In an age when physical appearance was believed to be a good indicator of personality, Tudor historians had little problem in describing a man most had never met as being as twisted on the outside as they claimed he was on the inside. It all helped their Tudor masters, perhaps uncertain as to their own legitimacy, to sleep more soundly in their beds.
Inevitably, this 'Tudor' version of events would be challenged, notably by George Buck in 1619, Horace Walpole in 1768 and Clements Markham in 1906. Nineteen twenty-four saw the foundation of the Fellowship of the White Boar, the forerunner of the Richard III Society that has done so much to foster interest in the period, and which spearheaded the campaign to rediscover Richard's remains. In 1951, those who harboured doubts about Richard's involvement in the murder of the princes found unexpected support in the form of crime novelist Josephine Tey. In The Daughter of Time, Tey's fictional detective is recovering from a broken leg when he sees a portrait of Richard III. Convinced that his features are not those of a murderer, he examines the evidence and concludes that Richard's guilt was a fabrication of Tudor propaganda.

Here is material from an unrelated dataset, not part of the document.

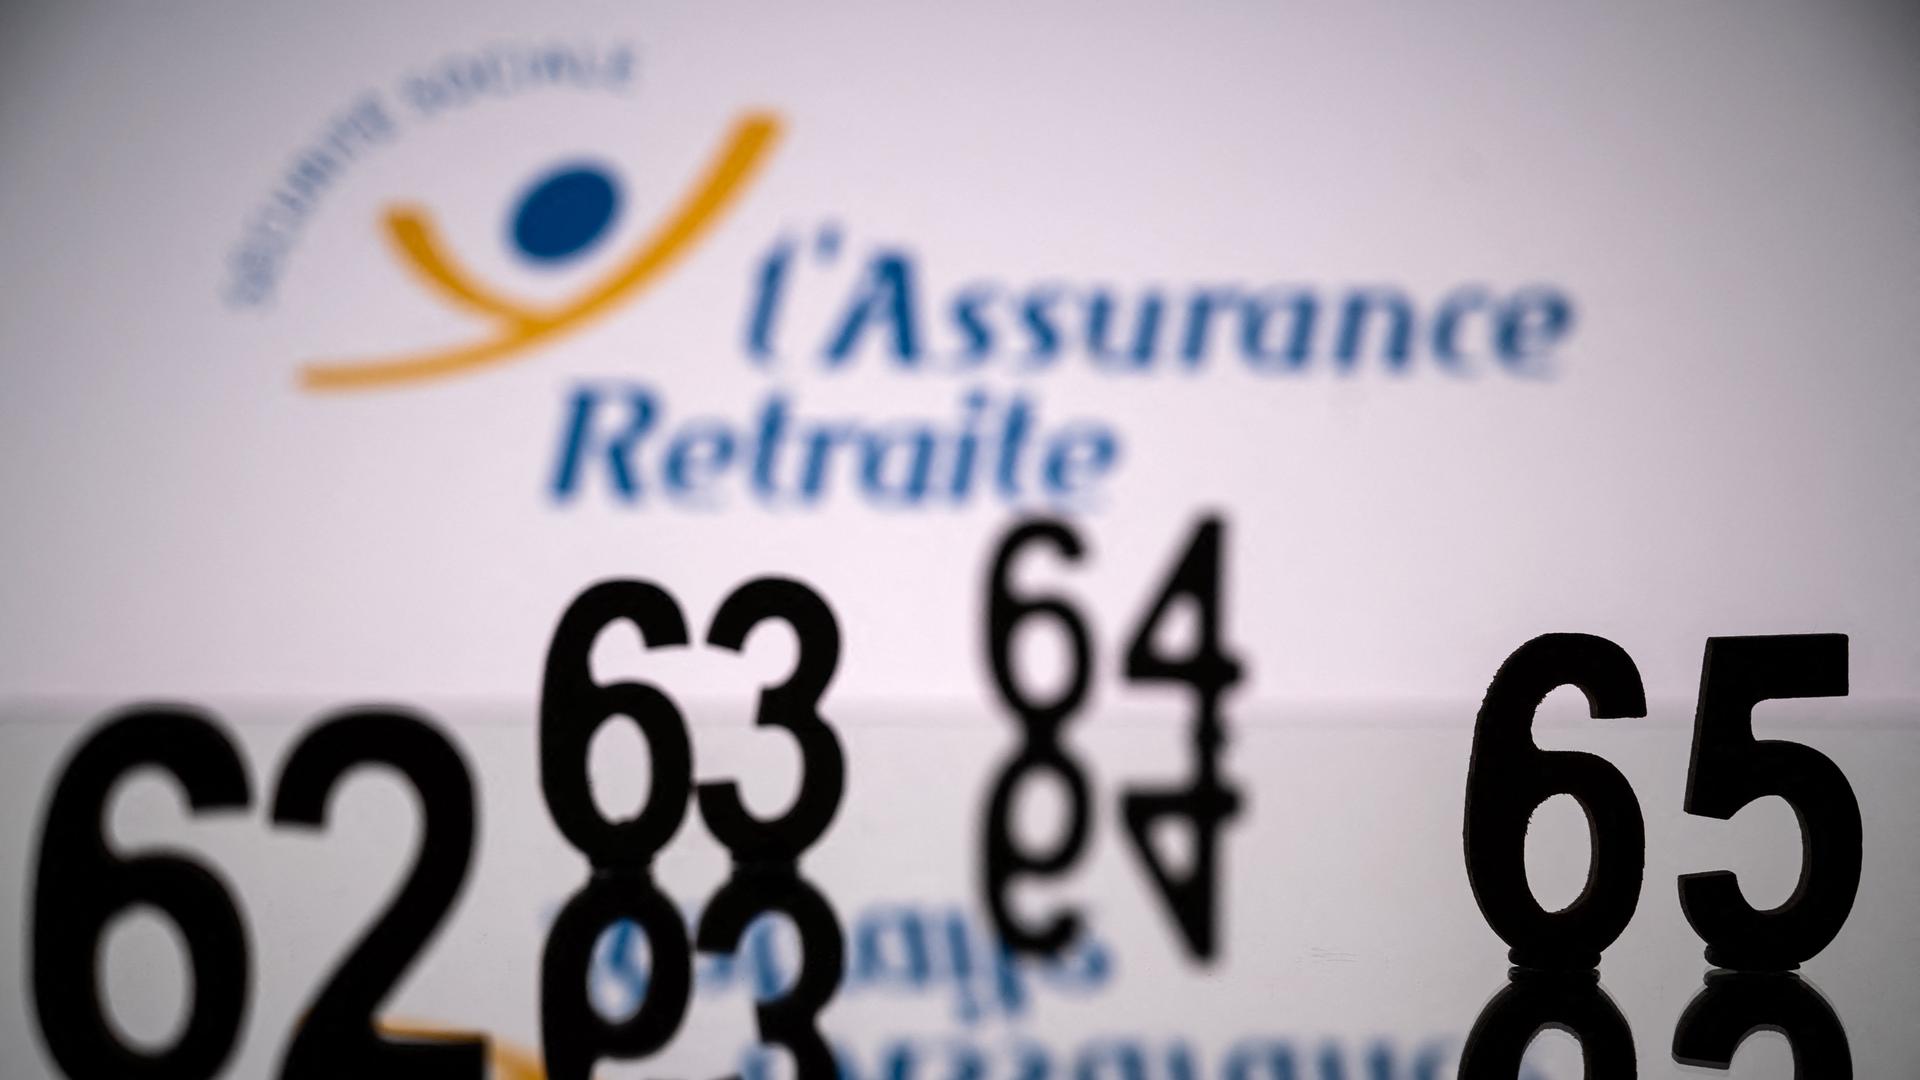 Ein Symbolbild mit dem Logo einer Rentenversicherung und davorstehenden Zahlen von 62 bis 65.

Recent decades have seen a decided switch in public attitudes to Richard. He’s now seen by many not as a villain, but as a man largely innocent of the crimes he’s been accused of and whose rule was cruelly cut short by betrayal on the battlefield. Others are more circumspect. Rejecting the ‘Tudor myth’ of a calculating schemer who revels in evil, they nevertheless point out that while Richard may not necessarily have been a bad man, he was certainly a bad king whose actions ultimately led to the destruction not only of himself but also of the Yorkist dynasty.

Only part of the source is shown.